Now coming to ENTP entrepreneurs. 

(Note that I am not taking of the super creative enneagram type 7 ENTP who will startup for adventure/fun but the type 8 ENTP or the type 3w4 ENTP who will have motivations similar to any ENTJ and who are also good at organizing and leading people.)

These ENTP entrepreneurs are what you actually think of first when you think of classic entrepreneurs. They have,

1. High risk appetite
2. Bite of much much more than they can chew. They might have actual abilities less than that of the category 2 ENTJ above, but will try to be as big as the category 1 ENTJ - if not bigger.
3. Firefighting all the time and hyperactive. Because of point 2 they (and those who work with them) will be in a constant hyper activity, putting too many fires and then fighting them, compromising stability and structure for speed.
4. Way more charismatic than any ENTJ entrepreneur I have known. They know how to convince people to work for them really well.


----------



## Sugarpot (Dec 30, 2017)

sm1 said:


> @Sugarpot first off I have to correct you on facts "nowadays .. Steve Balmer" - current CEO of Microsoft is Satya Nadela who to me very much seems an xNTJ. And yeah, we can see how an N leadership changed Microsoft completely - an ESTJ like Steve Balmer would never have done that.
> 
> I urge you to not bring ESTJ into this discussion. Let it be solely about ENTJ vs ENTP.
> 
> ...


I urge you to keep up with the right details. It seems like you have gone around misled with too many facts about other circumstances around Entrepreneurs and Executives and we are no longer talking about any cognitive functions being explained...


----------



## Sugarpot (Dec 30, 2017)

sm1 said:


> @DAHN we both know what an executive is supposed to like, and what an entrepreneur is. What I am expecting is what psychological makeup (*maybe cognitive function level description*), makes ENTP entrepreneur (a true entrepreneur who just jumps is)the andTJ a c-suite executive (or a an executive entrepreneur - the type of entrepreneur who may have calculated and planned into starting up probably for years, honed skills at companies of the like of McKinsey & Co.).
> 
> I hope I am more clear now.


I thought I just had explained that...


----------



## Sugarpot (Dec 30, 2017)

Sugarpot said:


> The J function is much a planner while the P tends to not follow plans, but follow as things come. The main difference between xNTJs and xNTPs is that NTJs use Ni, Te, Se and Fi while NTPs Use Ti, Ne, Si and Fe. So they are completely different ways of thinking in the end.


Nobody?


Ok... Tab closed.


----------



## sm1 (May 14, 2017)

@Sugarpot you didn't explain. You stated that since cognitive functions are distinct, the style would be different. I was expecting a more concrete explanation. Something like - say both ENTP and ENTJ get interested in some startup idea/problem to solve, this is how an ENTJ would think, this is how an ENTP would, Te - Ni will function in so and so way in the context of starting up while, Ne-Ti will move so and why.
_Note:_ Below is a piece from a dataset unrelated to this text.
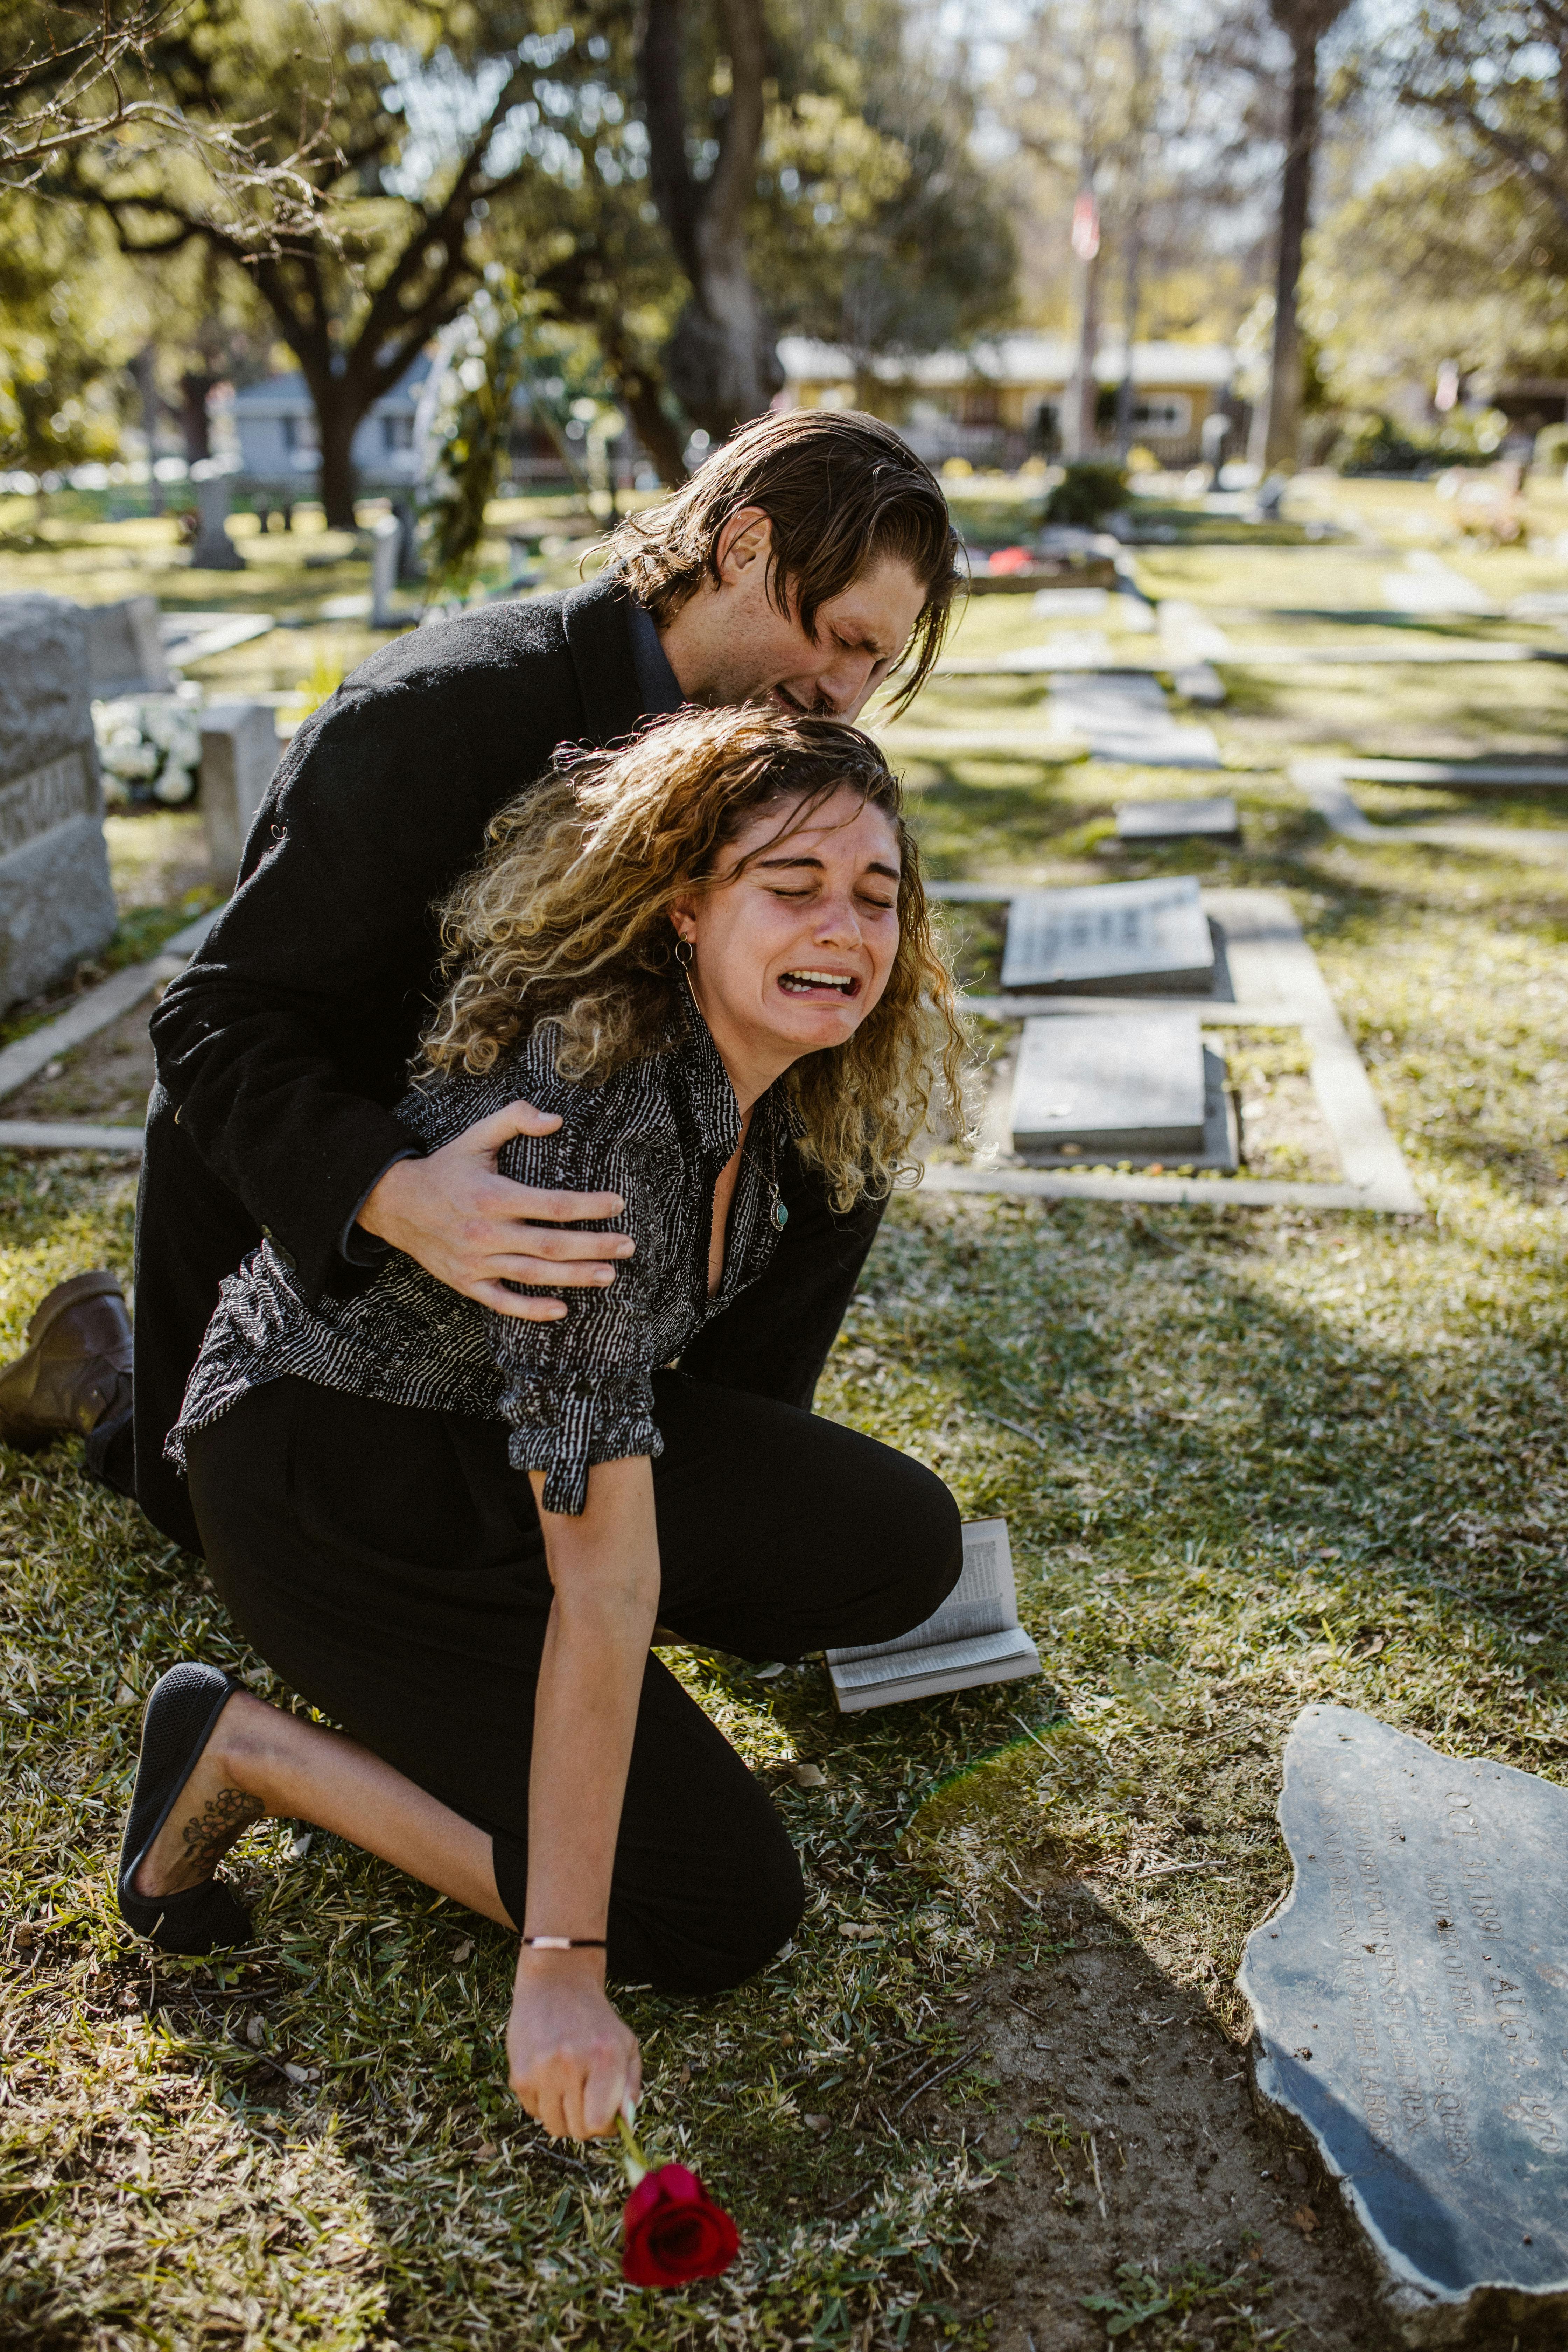 A young woman comforted by a man while crying at a gravesite | Source: Pexels

I hope I am now making it clear what I am looking for. And yeah, put out facts because I want help analyze my observations from MBTI lens.


----------



## Eu_citzen (Jan 18, 2018)

[Bringing the big 5 into the equation; simplifying my thinking]

To me it would seem like the ENTJ is more _conservative_, as in sticking with things that are known and proven.
They work more in a known frame-set and posses a high(er?) conscientiousness as opposed to openness & creativity. 


ENTP, or entrepreneur, seems like s/he might have more openness & creativity. (refer to the big 5) 
This suggests to me: Higher improvisational skills & "creative" problem-solving.
Which makes sense; since starting a new company (for example) does not have the known frame-set in the same way as a established company. You may have to improvise, improve products/services etc.


----------



## incision (May 23, 2010)

ENTJ, focused on the mission, efficiency and results orientation. Criticism - can be stubborn with vision for mission.

ENTP, focused on discovery, innovation and process orientation. Criticism - can get distracted and not complete mission.


----------